- Problem description -
Using the data below, set down every line from the one containing "Chiara Ferragni wearing" through the one containing "Hellenic Dance Festivals", inclusive and unchanged. Pictures are to be skipped.

- The data -
#####

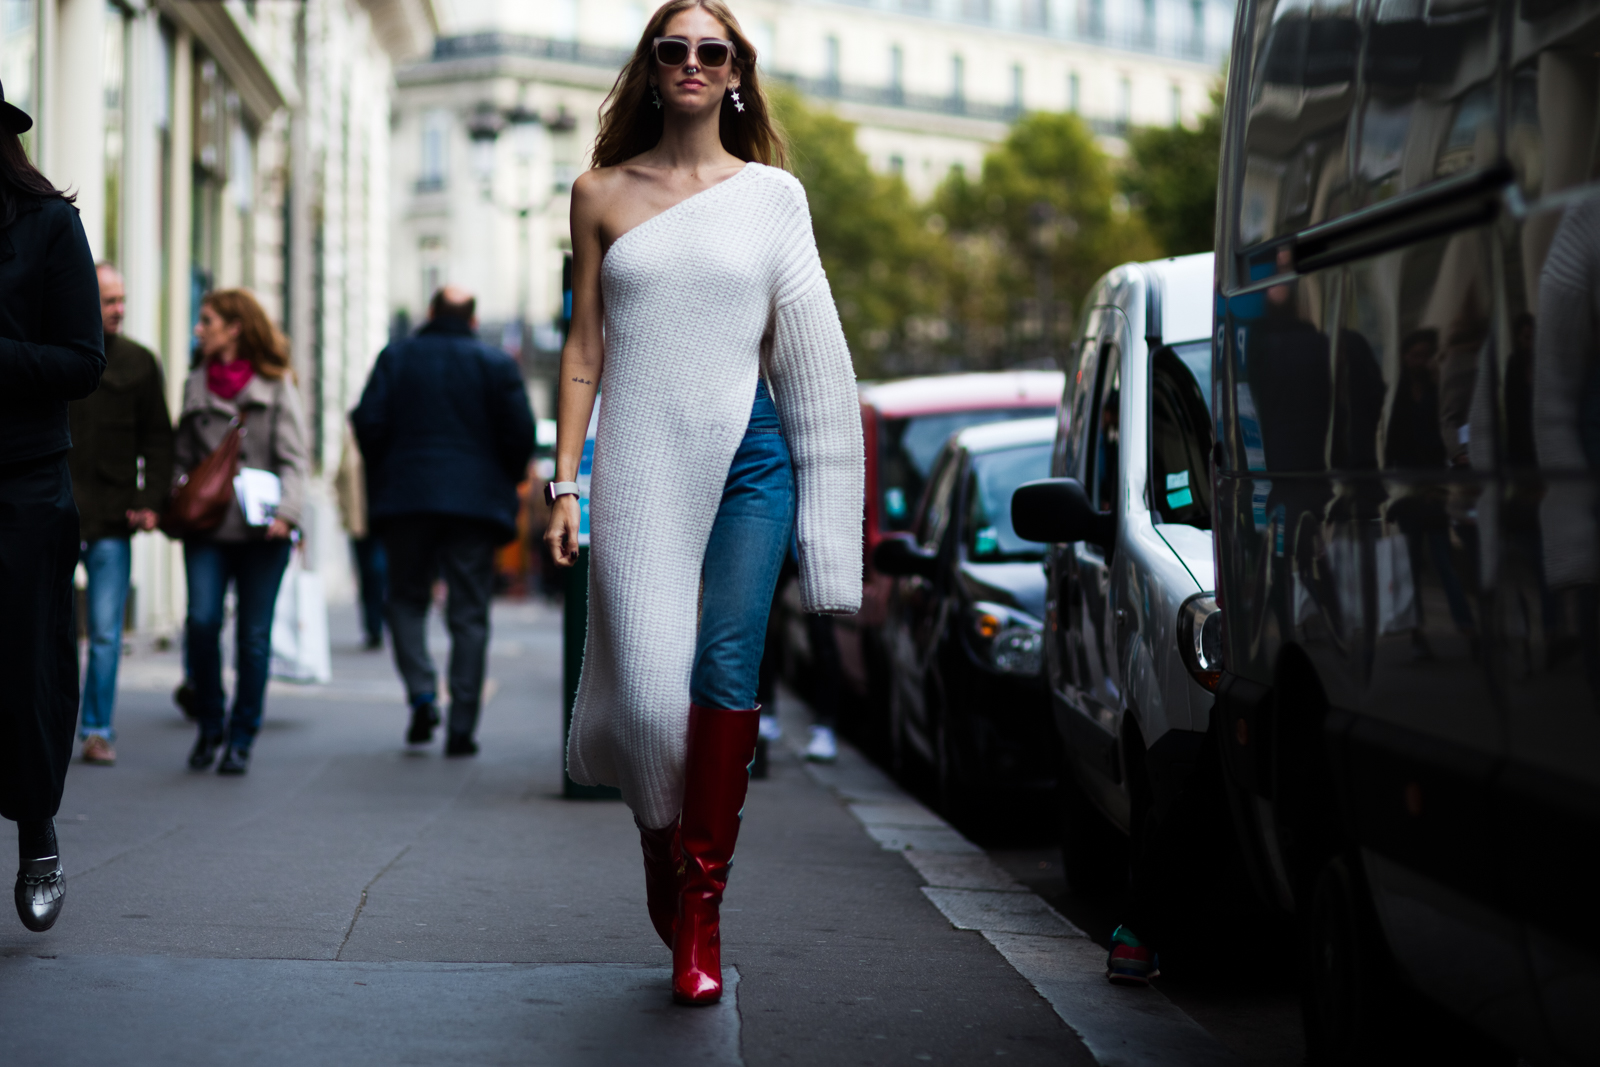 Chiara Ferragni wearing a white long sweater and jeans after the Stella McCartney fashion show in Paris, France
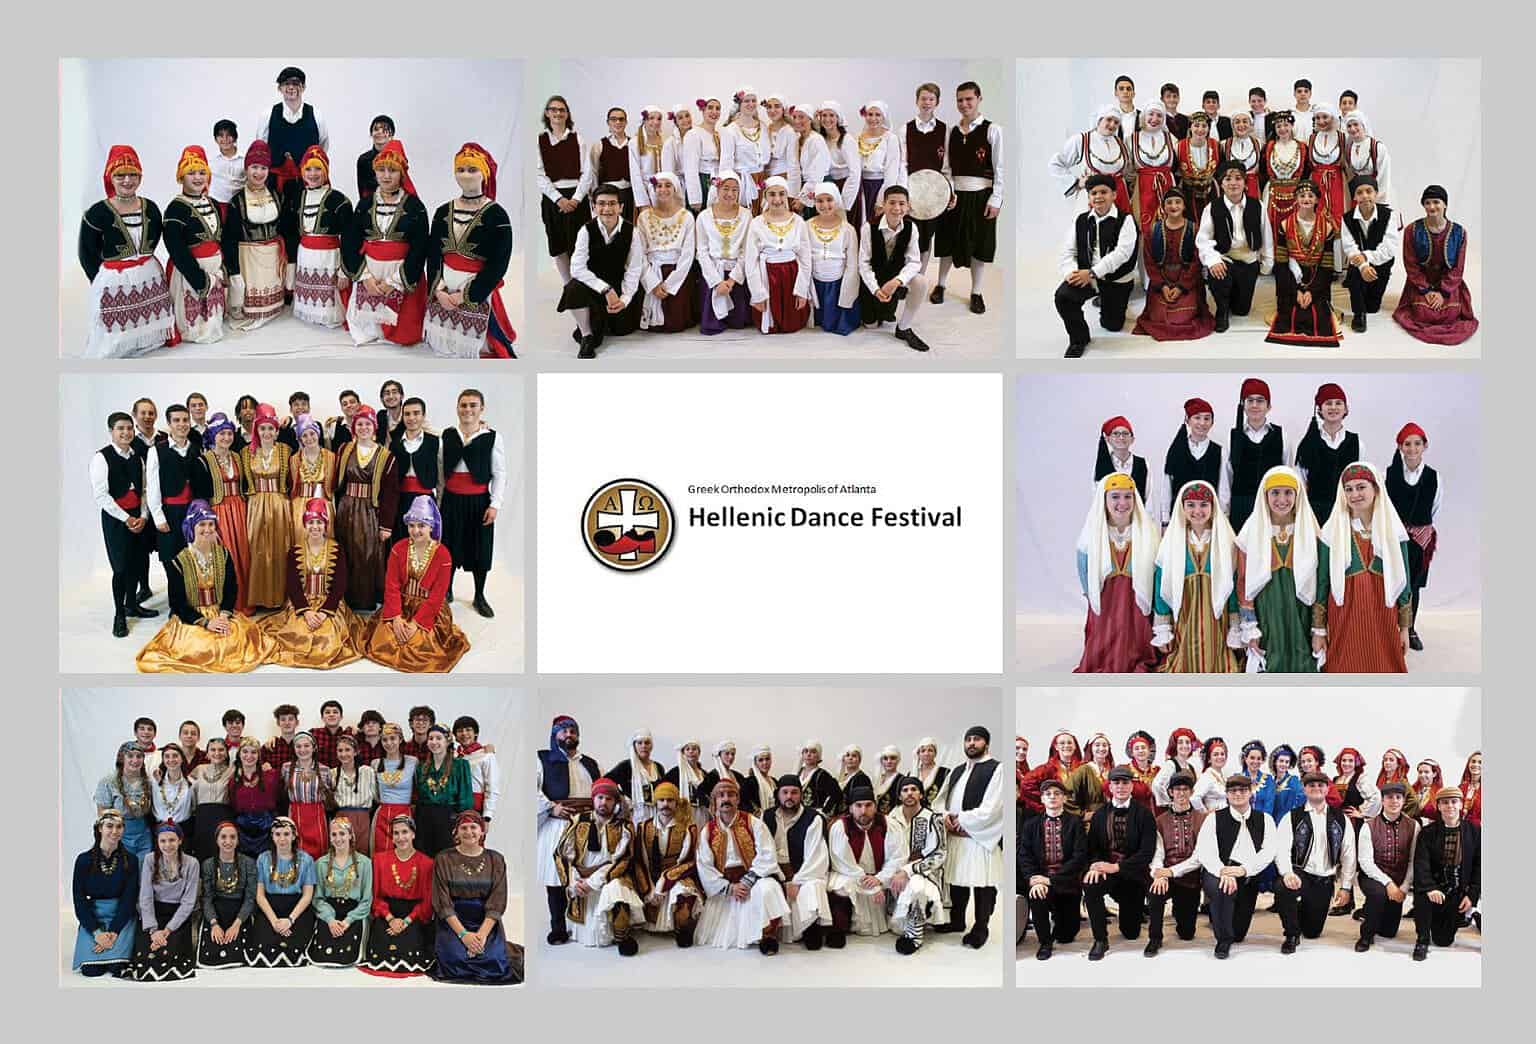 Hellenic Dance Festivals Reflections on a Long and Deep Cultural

#####

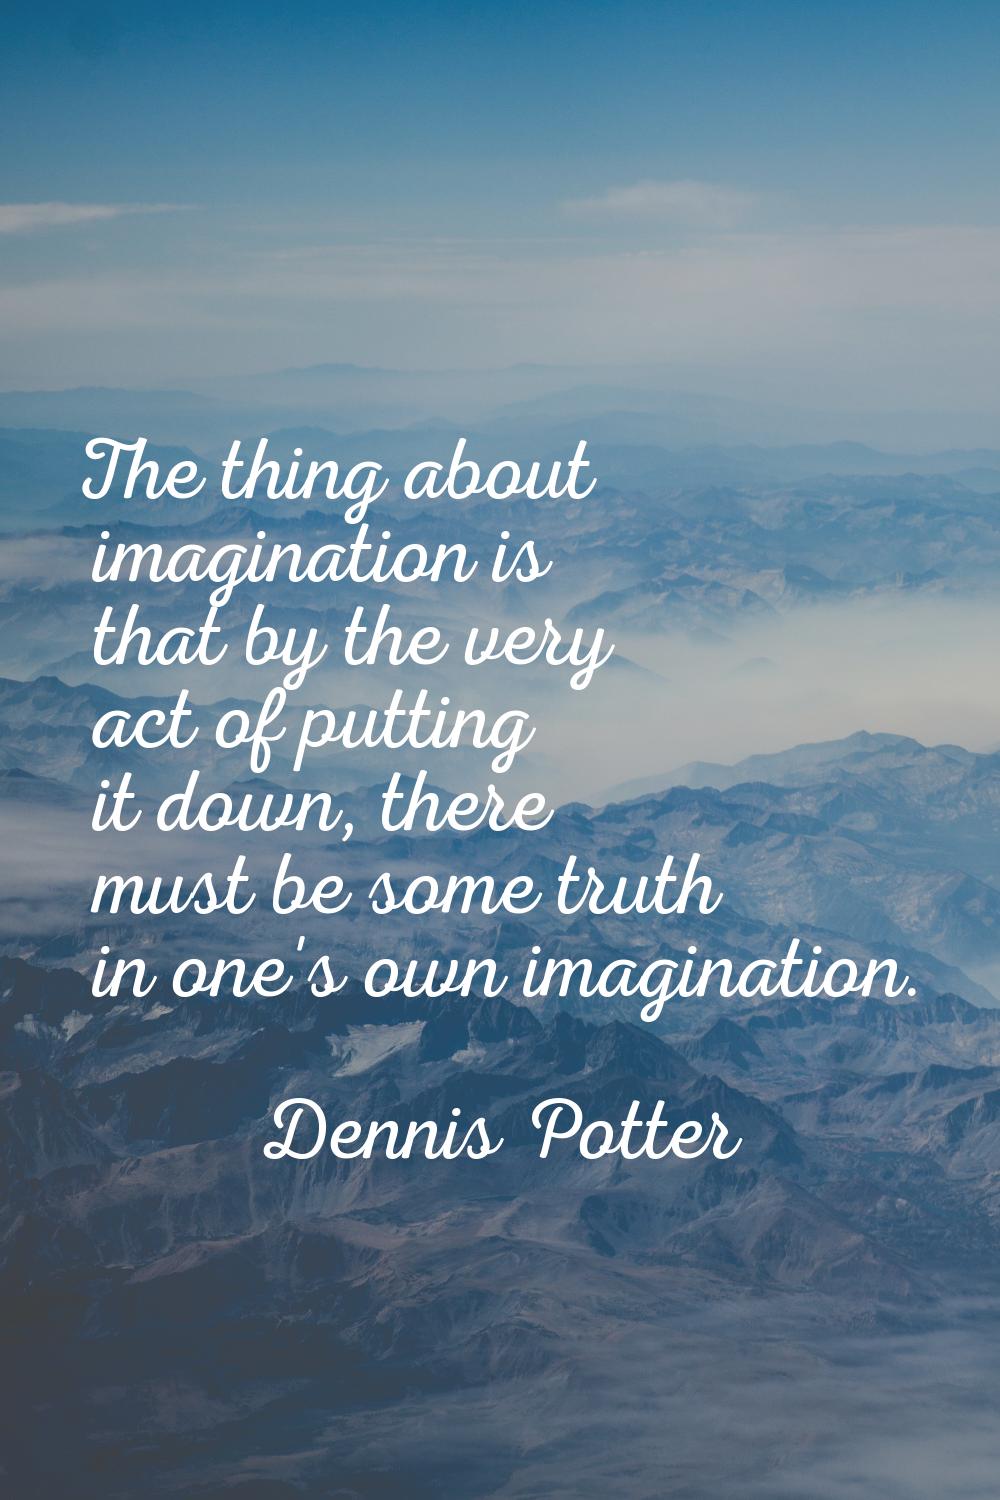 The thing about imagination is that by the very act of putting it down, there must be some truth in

#####

- Answer space -
 Chiara Ferragni wearing a white long sweater and jeans after the Stella McCartney fashion show in Paris, France
 Hellenic Dance Festivals Reflections on a Long and Deep Cultural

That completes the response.